6. A method of smoke detection, comprising:

(A) taking a monitoring video, wherein the monitoring video comprises a first image and a second image, performing static analysis on the first monitoring video, comparing the first image with the second image to obtain first moving object image capture data of the first image and second moving object image capture data of the second image, and when the first moving object image data or the second moving image data conforms to a formula: r ± α ═ G ± α ═ B ± α, and conforms to the formula: l is a radical of an alcohol ₁ ≤I≤L ₂ 、D ₁ ≤I≤D ₂ When one of the two is selected, the image data of the moving object is judged to be probably smoke image data; r, G, B represents the moving object image data belonging to red R, green G, and blue B values in RGB color model; alpha is an error value and is more than or equal to 15 and less than or equal to 20; i is a numerical value of the brightness of the moving object image data in the HSI color model; l is ₁ 、L ₂ The brightness range value of the dark gray scale in the HSI color model is obtained; d ₁ 、D ₂ The brightness range value of the bright gray scale in the HSI color model;

(B) and dynamically analyzing the first moving object image data and the second moving object image data, wherein the first moving object image data is firstly and sequentially according to a formula: m _pq ＝∑∑f(x,y)x ^p y ^q 、

Calculating the gravity center of the first moving object image data

if yes, the first moving object image data and the second moving object image data are judgedAnd if the moving object image data is smoke, otherwise, the first moving object image data and the second moving object image data are not smoke.

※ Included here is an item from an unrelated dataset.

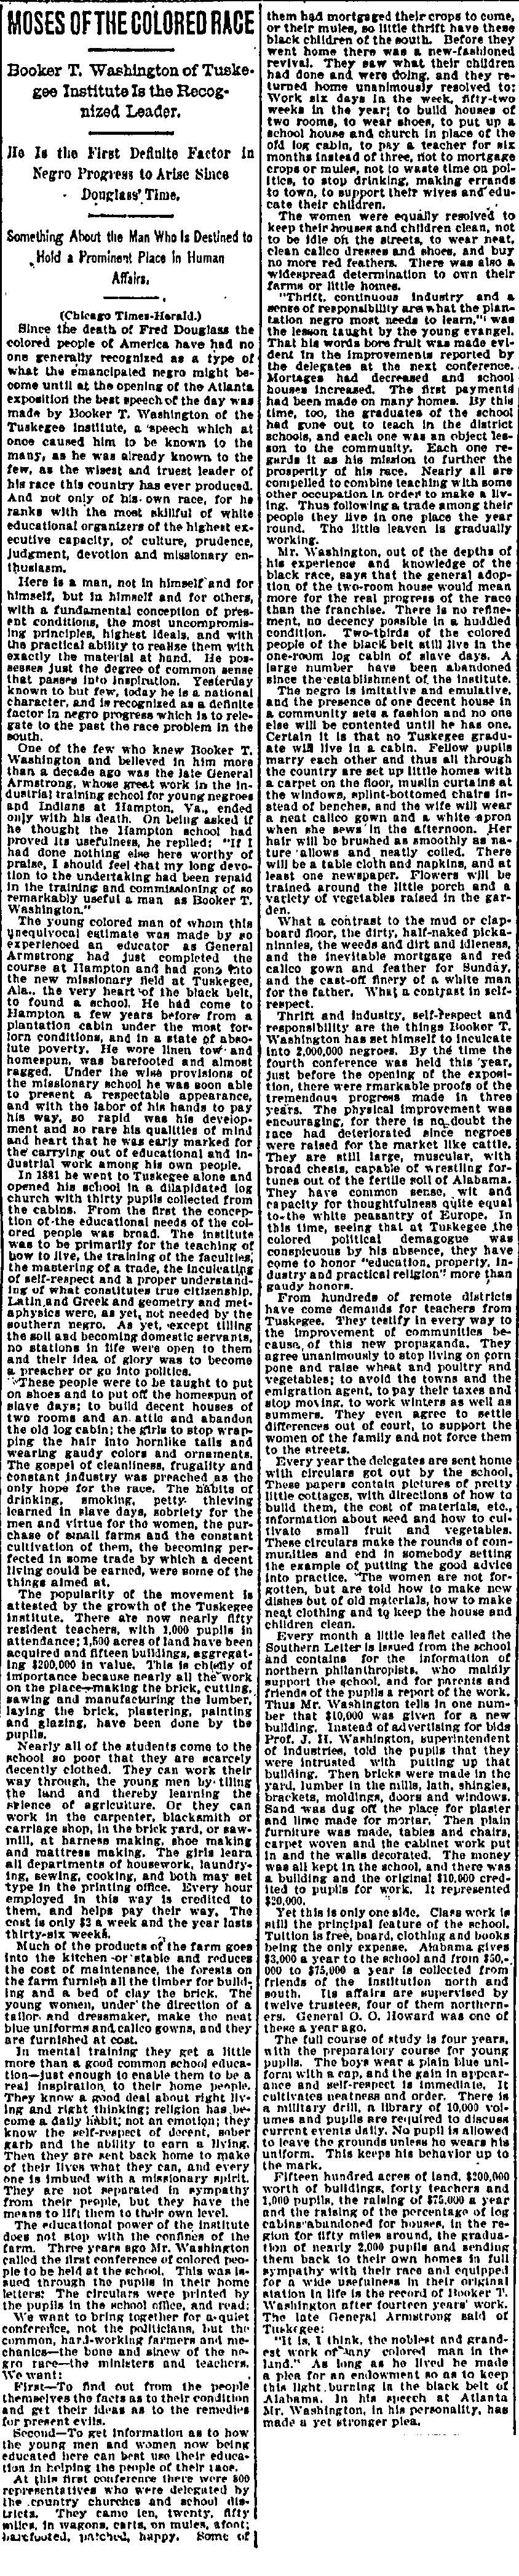 Morning World-Herald. Omaha, Nebraska. October7, 1895.

7. The method according to claim 6, further comprising the step (C): when the second moving object image data and the center of gravity satisfy the formula:

then, whether the second moving object image data meets the chaos rule formula is judged: the SEP/STP is larger than or equal to the STD, if the SEP/STP is not smaller than the STD, the first moving object image data and the second moving object image data are judged not to be smoke, otherwise, the step (D) is executed;

(D) judging the increasing rate of the smoke picture number according to the first moving object image data and the second moving object image data

And then judging whether the increasing rate meets a formula:

if the first moving object image data and the second moving object image data do not meet the preset requirements, judging that the first moving object image data and the second moving object image data are not smoke, otherwise, judging that the first moving object image data and the second moving object image data are smoke; wherein: SEP is the total perimeter of the second moving object image data, STP is the number of smoke pixels of the second moving object image data, STD is the random threshold of smoke, D _g For a threshold value of the rate of increase, N _d Is a critical value for the number of checks.